I’m not certain if I prefer Siegel the writer or Siegel the artist. The book in its sheer physicality is a joy to encounter. It’s well-bound, has a nice mermaid embossed on its cover, and contains gorgeous art. Siegel’s art is cartoony but expressive, reminiscent (to me at least) of some of the European comics I’ve encountered over the years and nearly the entire thing is composed in charcoals, giving the book a melancholy softness. In Sailor Twain's panoply of greys, the reader will find herself suffused in an exotic romance of dueling shadows. But for all that, it may be that Siegel’s non-visual storytelling is still more impressive.
It’s clear that Siegel has put plenty of research into this book, from the requisite study of lore to investigations into the Hudson’s historical environs. Beyond that though, it’s his use of literary device that wins my heart. While Twain is tempted by the sea-born siren, whose physiognomy renders her impossible for romantic liaison, his own wife of seven years (Pearl) is crippled below the waist and is known especially for a singing voice gifted from the Divine himself. It is unclear whether Pearl’s condition renders her incapable of sexual alliance, but Siegel almost certainly has this juxtaposition between South and Pearl in mind. When Twain asks his wife if they are a couple of cold fish, the reader is on alert and winking back at Siegel—and again on the next page when Twain asks Pearl if she’s ready for the next day and she responds “A few scales and I will be.” The captain is torn between the mermaid he rescued and the siren whom he married, neither of whom will give him satisfaction. And it’s in the midst of this that Siegel’s story finds its sinew, bone, and life’s blood.

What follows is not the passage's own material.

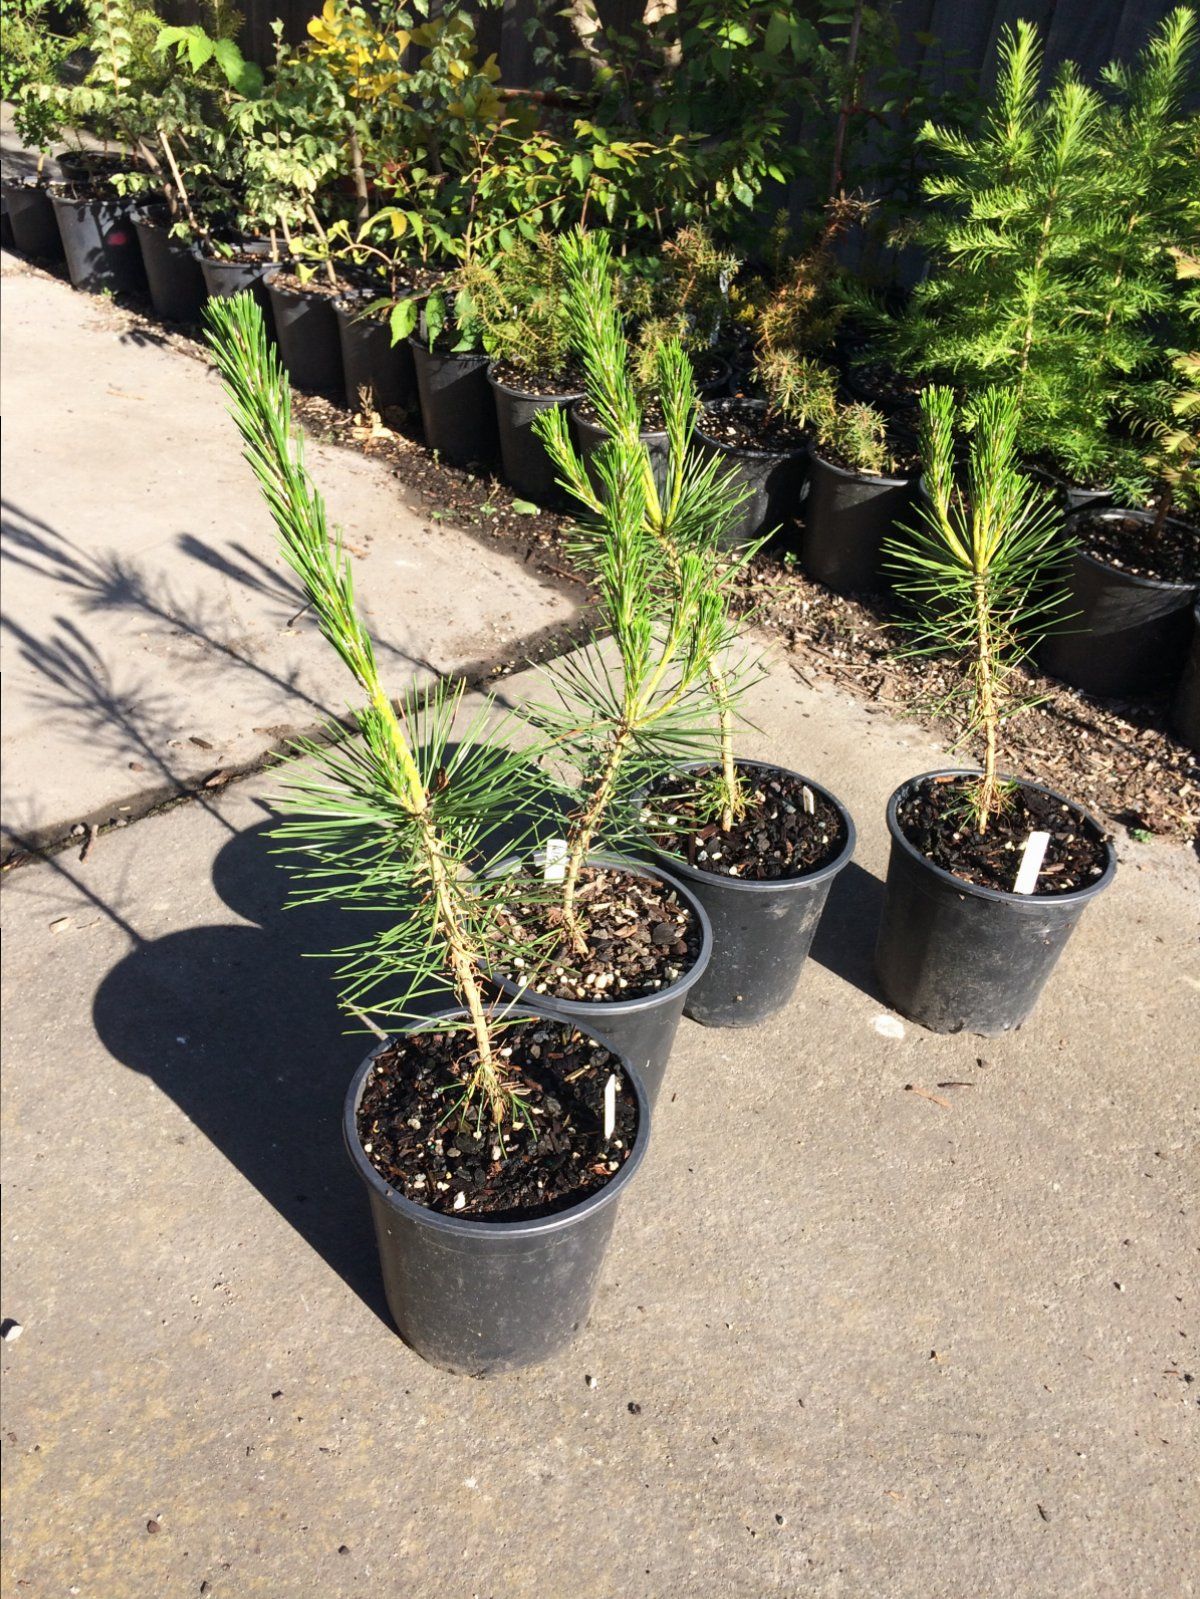 Black pine seedlings

In all honesty, I found Sailor Twain breathtaking. I was predisposed to like it but I didn’t expect to find it as beautiful and haunting44I think probably 85% of all reviews of this work will find some way to use the word haunting to describe it. The others will use chilling. as it is. Siegel’s book will certainly find itself in my Top Ten for the year and is now entrenched in that collection of comics works that I consider Essential Reading for those interested in charting the medium. I will almost certainly be recommending this to scads of friends.
Note to Parents
If it’s the kind of thing to concern you, the mermaid (as mermaids ought to be) is entirely topless for the book’s length. That is to say: there is a half-nude woman on roughly a quarter of Sailor Twain's nearly 400 pages. It’s important to the narrative and true to the lore but will bother some parents of young readers. There is, as well, a smattering of sexuality and some murderous violence and death—but for one reason or another, it’s the nudity that tends to catch attention so I thought I’d mention it, lest you sight-unseen order the fun mermaid book for eleven-year-old Johnny and add greater fuel to his immature perversions, sending him deep into the realms of mermaid fetishism. Or something.
Also, the above images have been edited slightly to render South’s nudity less distinct. Because fetishists.